Bei aller Elektronik ist aber der Einfluß fachkundiger Personen nicht ganz unwichtig. Herbert Schuster, der Vorsitzende der Münchner Kursmaklerkammer, mißt seinem Berufsstand eine "Steuerungsfunktion" bei. An der Börse könne man die Unterschiede täglich beobachten: Bei einigen Verfahren setzen die Makler die Kurse noch selbst fest, bei anderen übernimmt diese Aufgabe längst der Rechner. Und nicht immer kommen die Anleger besser weg, wenn sie allein dem Computer überlassen werden.

Literaturhinweise

Möglichkeiten und Grenzen von Bloomberg.

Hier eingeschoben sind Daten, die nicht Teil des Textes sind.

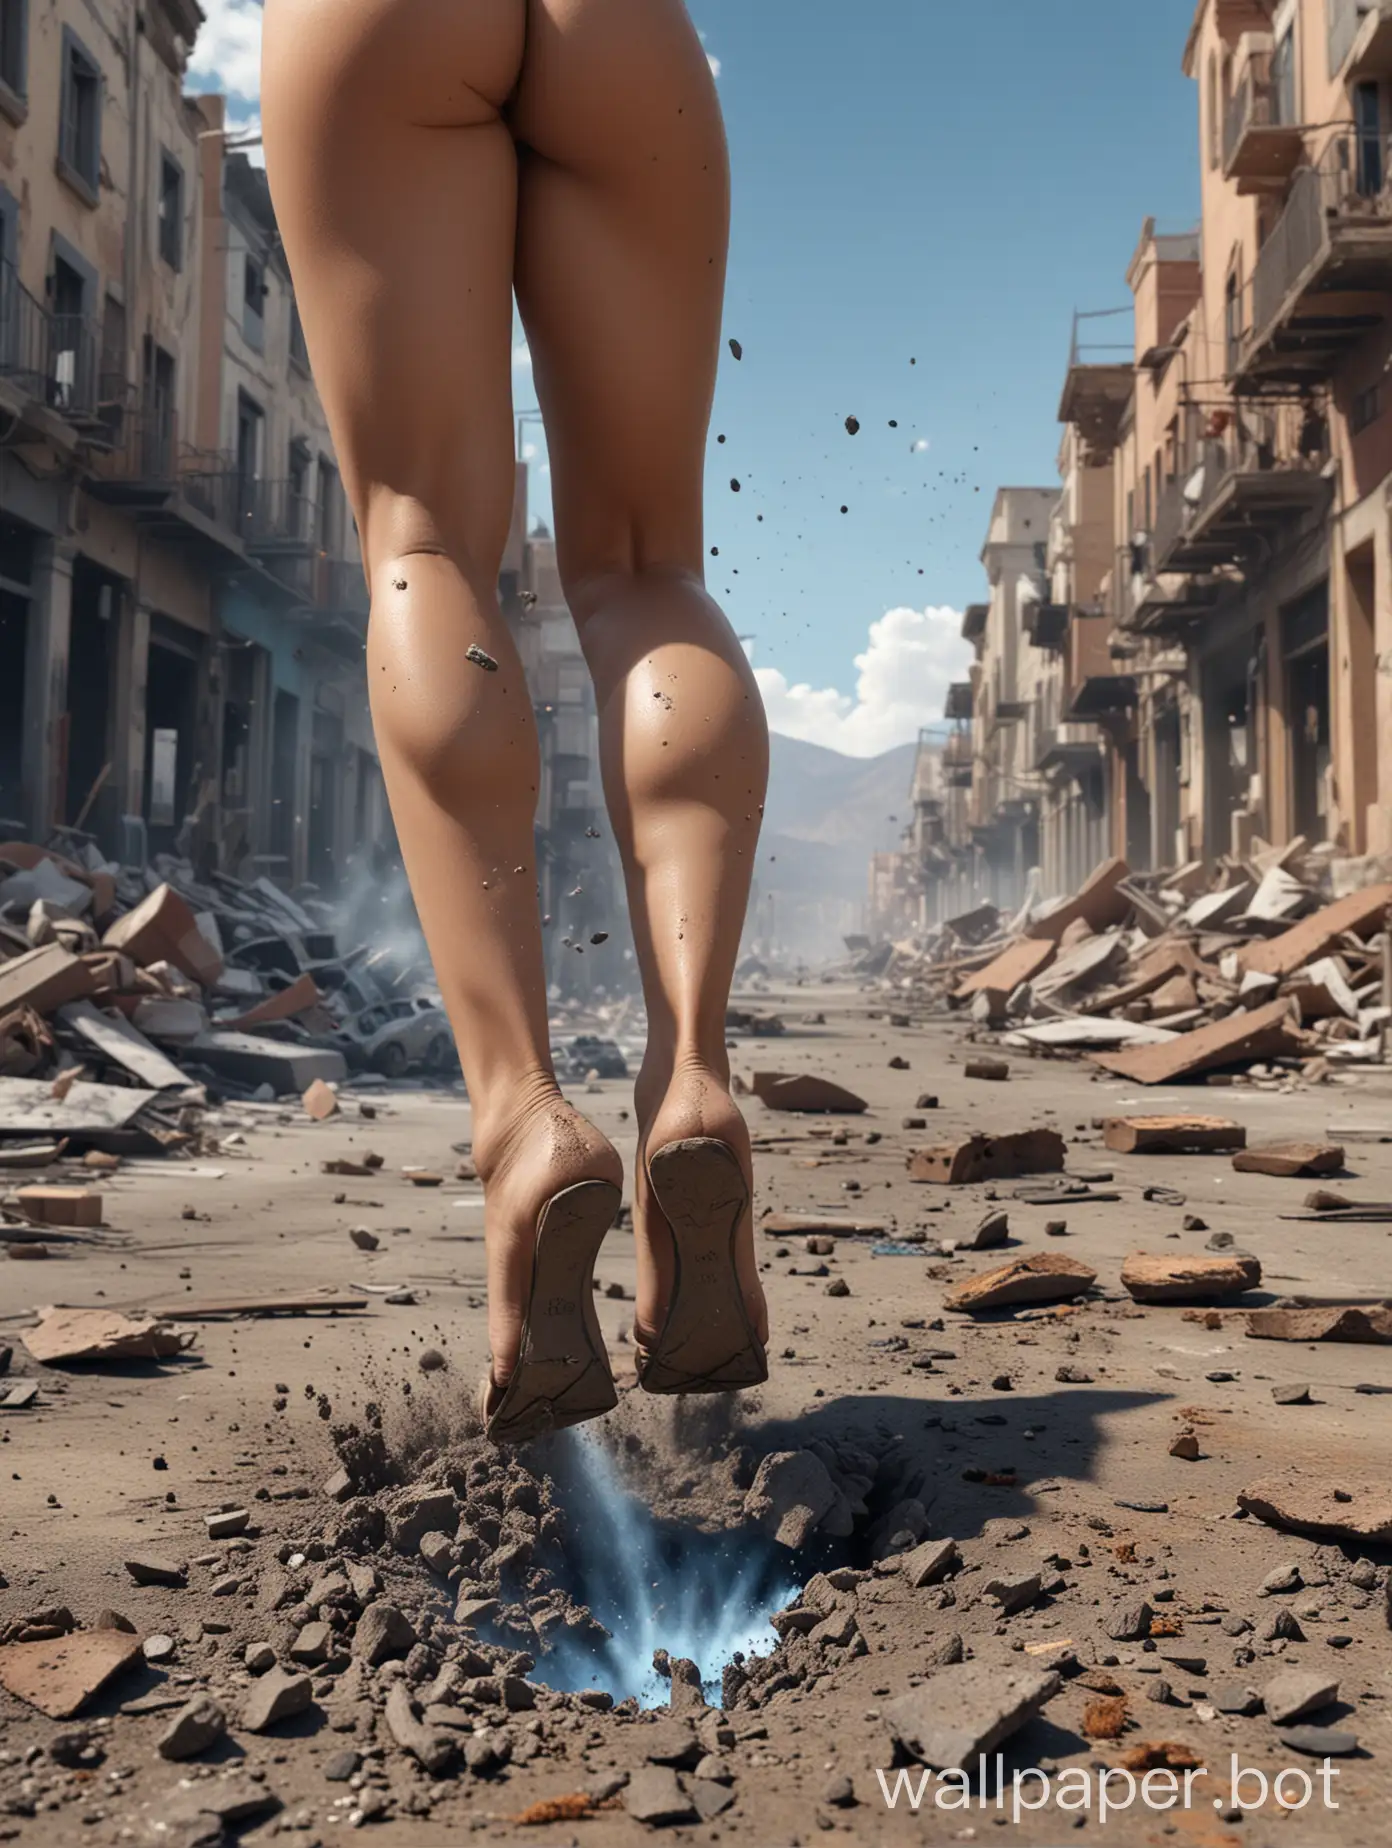 Giantess-Latina-Amidst-City-Devastation-Epic-Destruction-Scene

Von J. Eichler et al. Seminararbeit am Institut für Finanzierung und Finanzmärkte der Wirtschaftsuniversität Wien im Sommersemester 1998.

Reuters stellt sich vor. Ein ‚informativer‘ Konzern. Reuters AG (Hg.). Frankfurt am Main 1998.

Eine neue Ära für S.W.I.F.T. Ein Vortrag von J.-M. Weydert. S.W.I.F.T. Regionalkonferenz, München, 21. April 1997.